Une journée imaginaire chez les Dogons: Festival de l'imaginaire

Dimanche 16 juin 2013, se tenait au musée du quai Branly, en partenariat avec le festival de l'imaginaire, une sortie de masques des Dogons du Mali, ainsi qu'une diffusion du film de Jean Rouch et Germaine Dieterlen: sigui synthèse (annonce dans le post précédent)

Tout d'abord, à 14h, le film, Sigui synthèse:

Sigui67-11Le Sigui est une cérémonie, ou plutôt un ensemble de cérémonies réparties sur 7 années en plusieurs villages de la zone habitée par les dogons, et qui a lieu tous les 60 ans. Le dernier Sigui a duré de 1967à1973. Autant dire que les témoignages filmiques de cette célébration sont rares. Le prochain sigui commencera en 2027.

Jean Rouch et Germaine Dieterlen ont filmé des étapes du Sigui tous les ans. Chaque année donne lieu à un film, Sigui synthèse étant l'assemblage, un peu raccourci (2h), de ces films.

La place du masque y est toute allégorique: si vous voulez voir danser les beaux masques Dogons ce sera dans le Dama D'Ambara des mêmes auteurs.

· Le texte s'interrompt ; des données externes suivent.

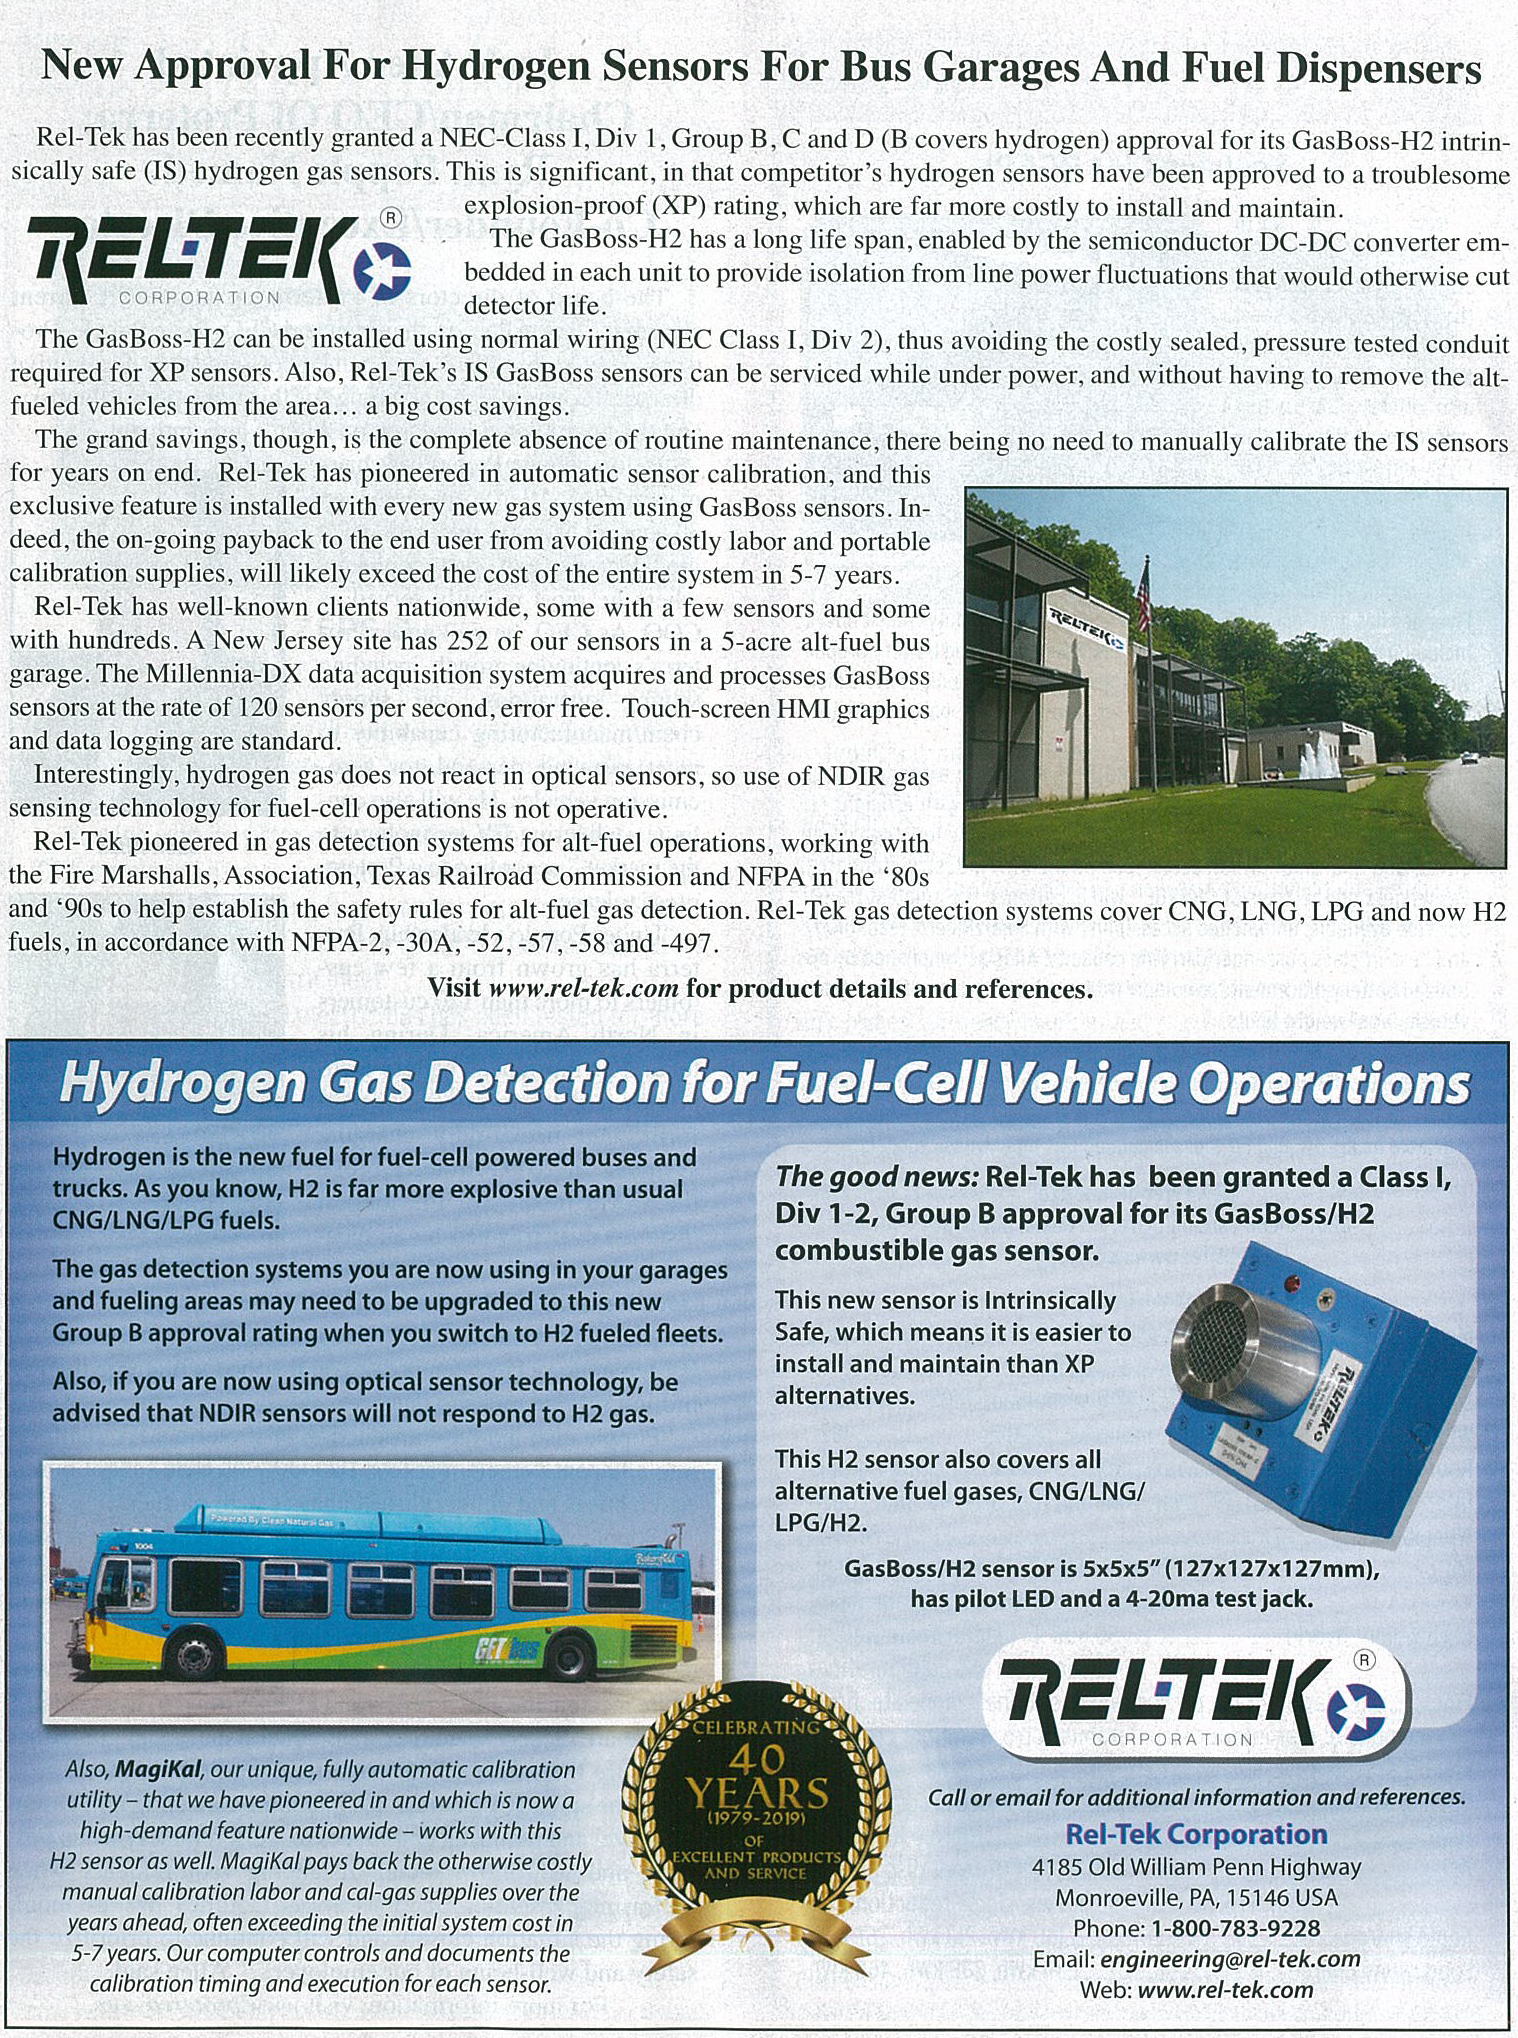 New Approval For Hydrogen Sensors For Bus Garages And Fuel Dispensers

Lors du Sigui, les hommes (exclusivement) semblent célébrer une renaissance, hors de toute reproduction, d'eux mêmes, hommes détenant le savoir. Ainsi les étapes du Sigui symbolisent une mort, une naissance et un maternage jusqu'à l'âge de la circoncision (qui marque le début de l'initiation chez les dogons), mort d'une génération d'hommes renaissant en la suivante; d'un savoir se transmettant aux suivants ; une régénération de la société.

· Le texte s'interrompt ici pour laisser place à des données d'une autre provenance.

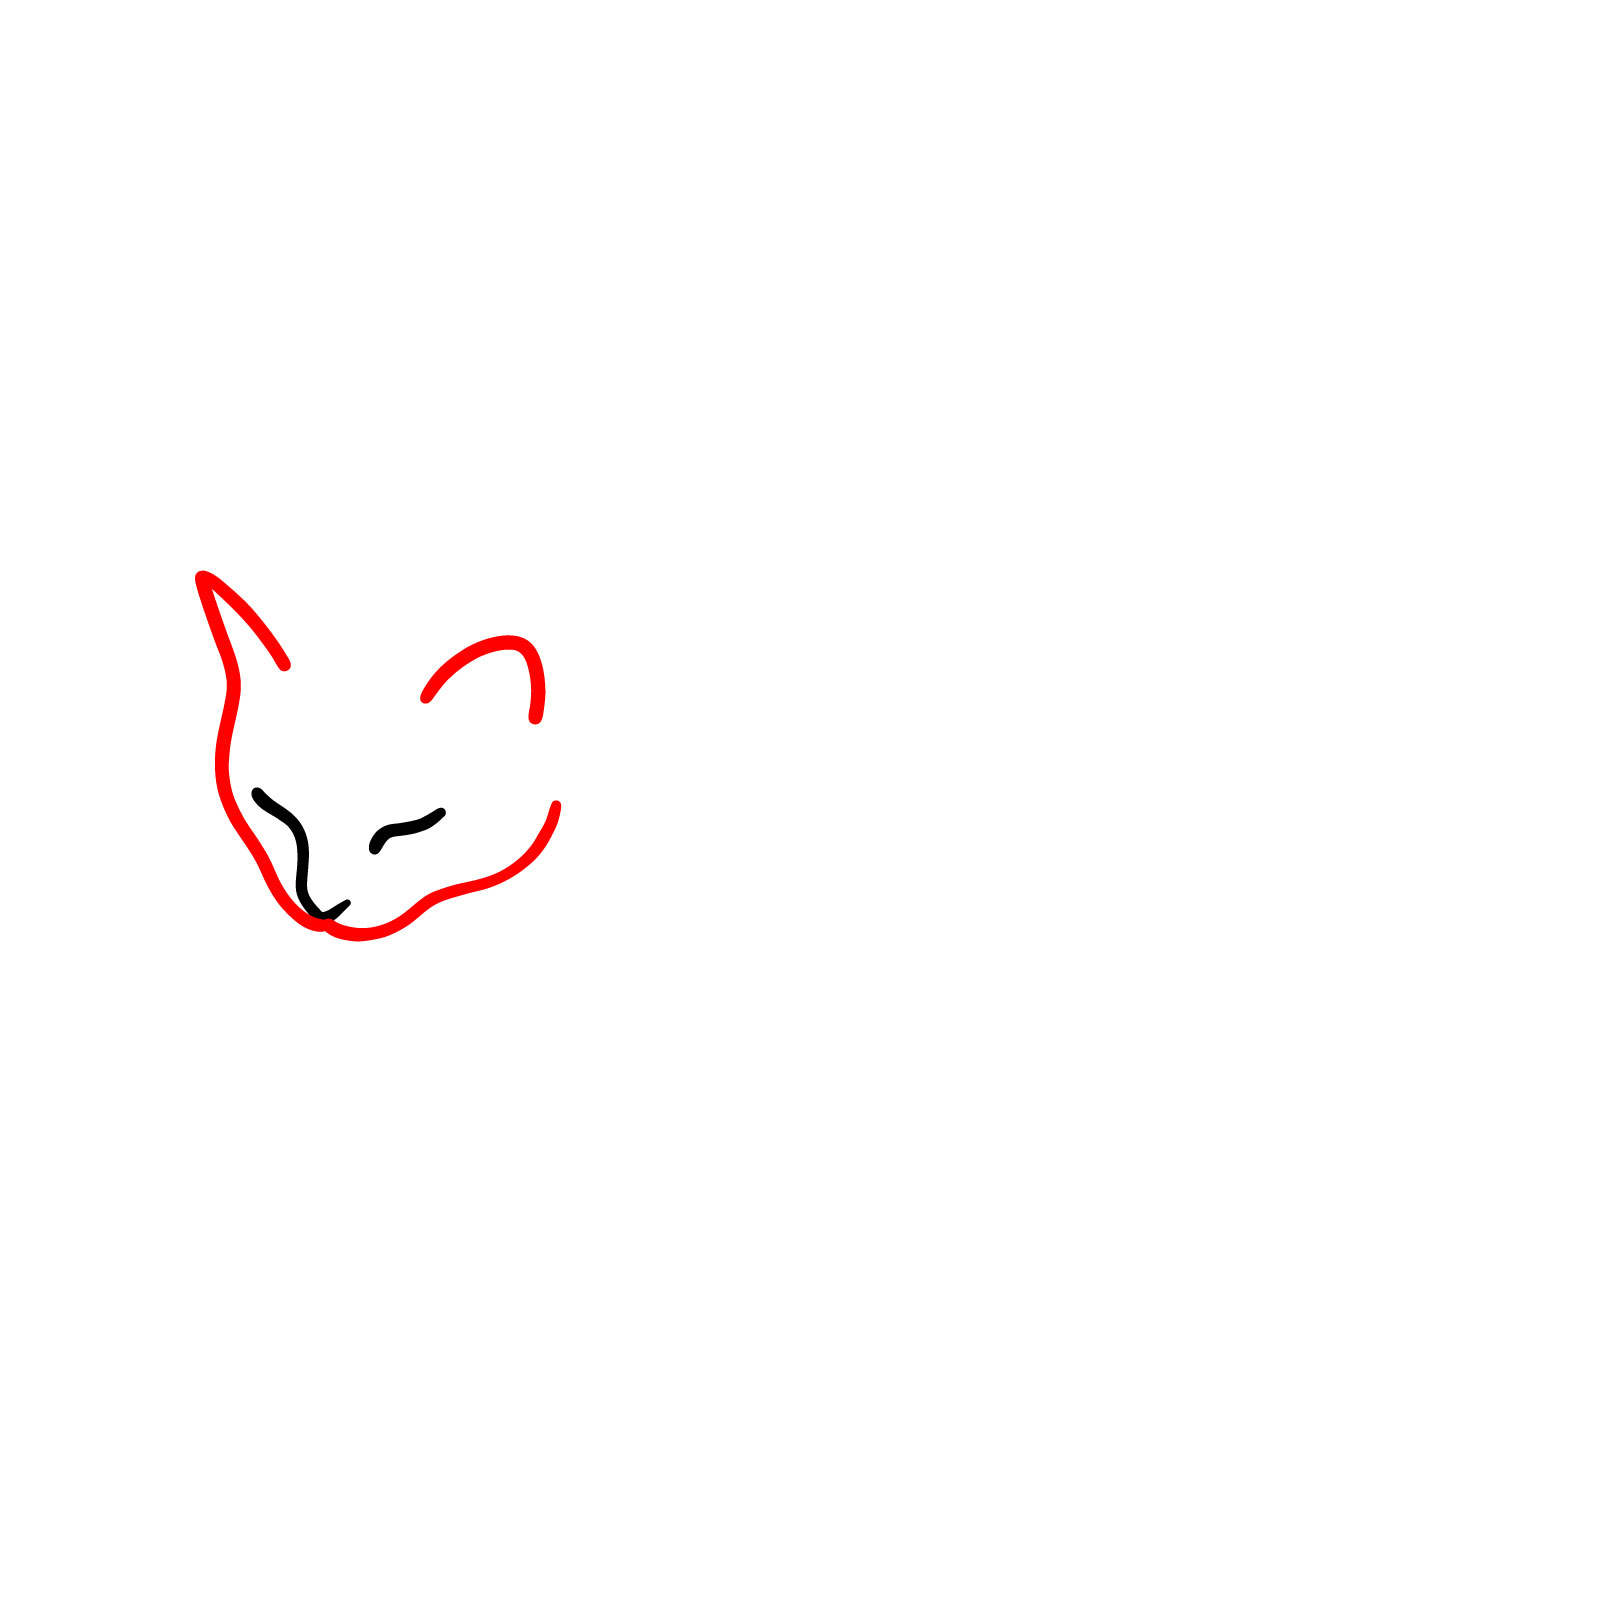 Outline of a cat's head and ears in a minimalistic style - step 02

200000006090000002897Le masque est central, puisque central dans cette culture. Mais ici il l'est littéralement: de longs masques (4), la longueur d'un tronc d'arbre, sont posés, à certaines étapes du rituel (= état foetal/ entre mort et vie), dressés au milieu des hommes (ci contre au fond à droite de l'image extraite du film la caverne de Bongo, 1969). Il ne seront pas portés (ils ne sont pas portables). On pourrait penser à un symbole phallique, pour cette société masculine. Ce masque évoque les ancêtres transformés en serpent et le premier homme mort. Je vais tenter d'expliquer.

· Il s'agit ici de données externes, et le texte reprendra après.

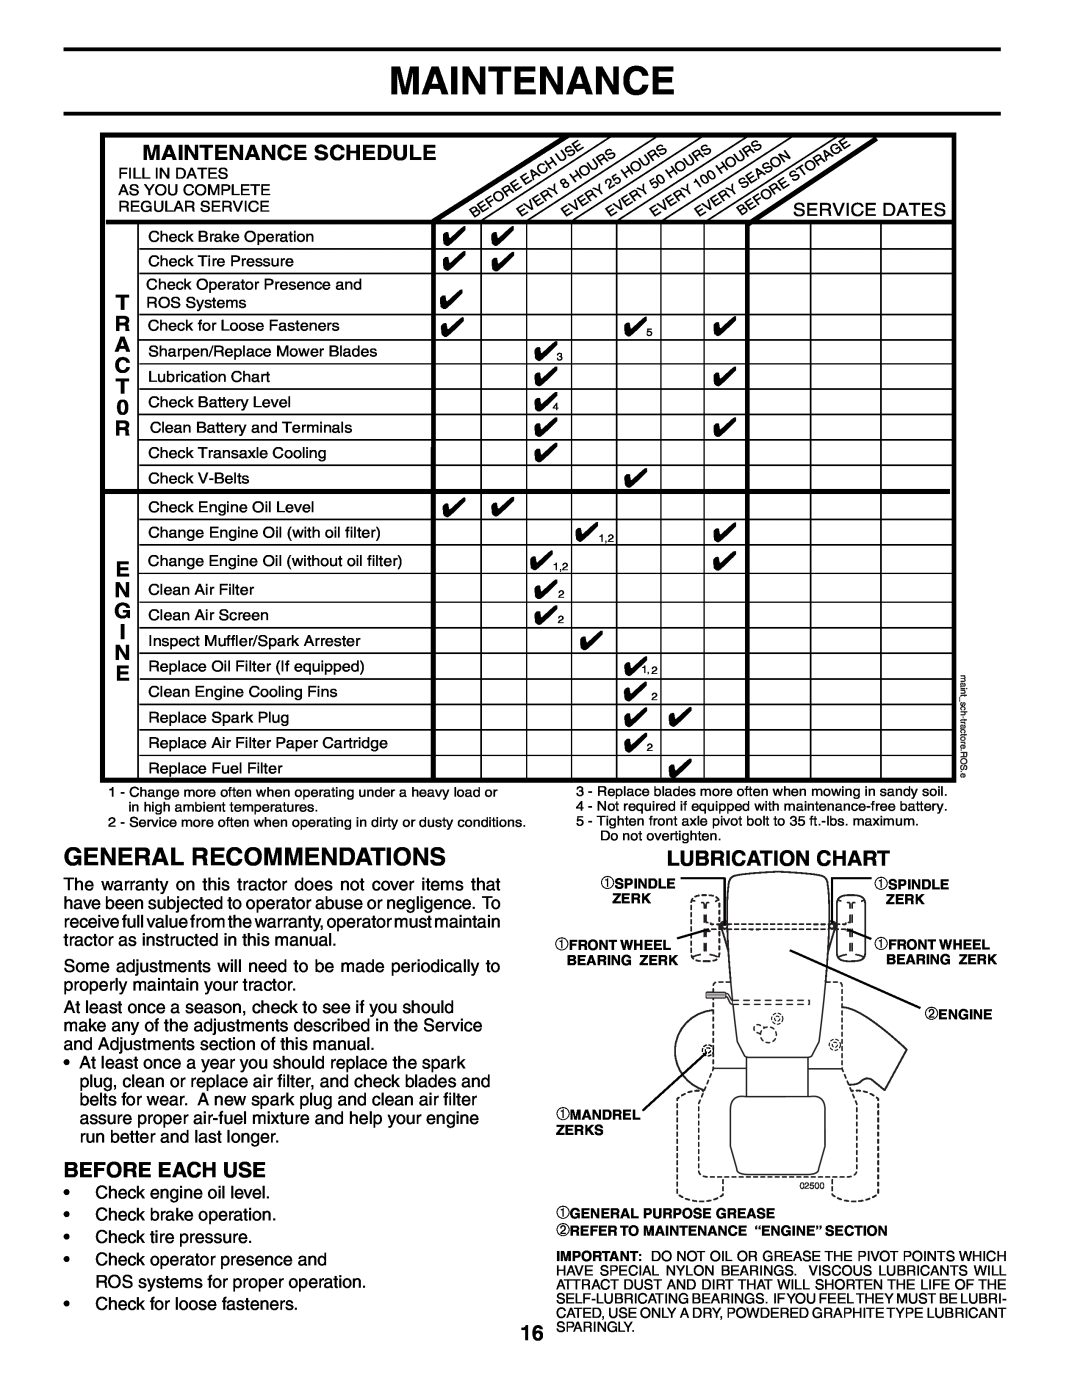 Poulan DB24H48YT manual General Recommendations, Lubrication Chart, Before Each Use, Maintenance Schedule

Si j'ai bien compris, Amma (le créateur) aurait fabriqué le premier couple humain à partir d'argile. Ceux-ci ont eu 8 enfants qui forment 4 couples-ancêtres dont sont issus les 4 lignages de tous les Dogons (et liés aux 4 éléments). Ces ancêtres alors vivaient très vieux, puis, ne mourraient pas mais se transformaient en serpents. Ils rejoignaient alors les esprits et le nommo leur enseignait la langue sacrée, le Sigui-so. Il en reste ainsi jusqu'à l'apparition de la mort, dû au fait que le sigui-so a été révélé à des humains non encore transformés en serpents ce qui était interdit. La mort leur vint et pour se faire pardonner il leur a été conseillé de célébrer le Sigui, notamment en taillant un immense serpent de bois, forme qu'aurait dû prendre le défunt primordial si le tabou n'avait été transgressé.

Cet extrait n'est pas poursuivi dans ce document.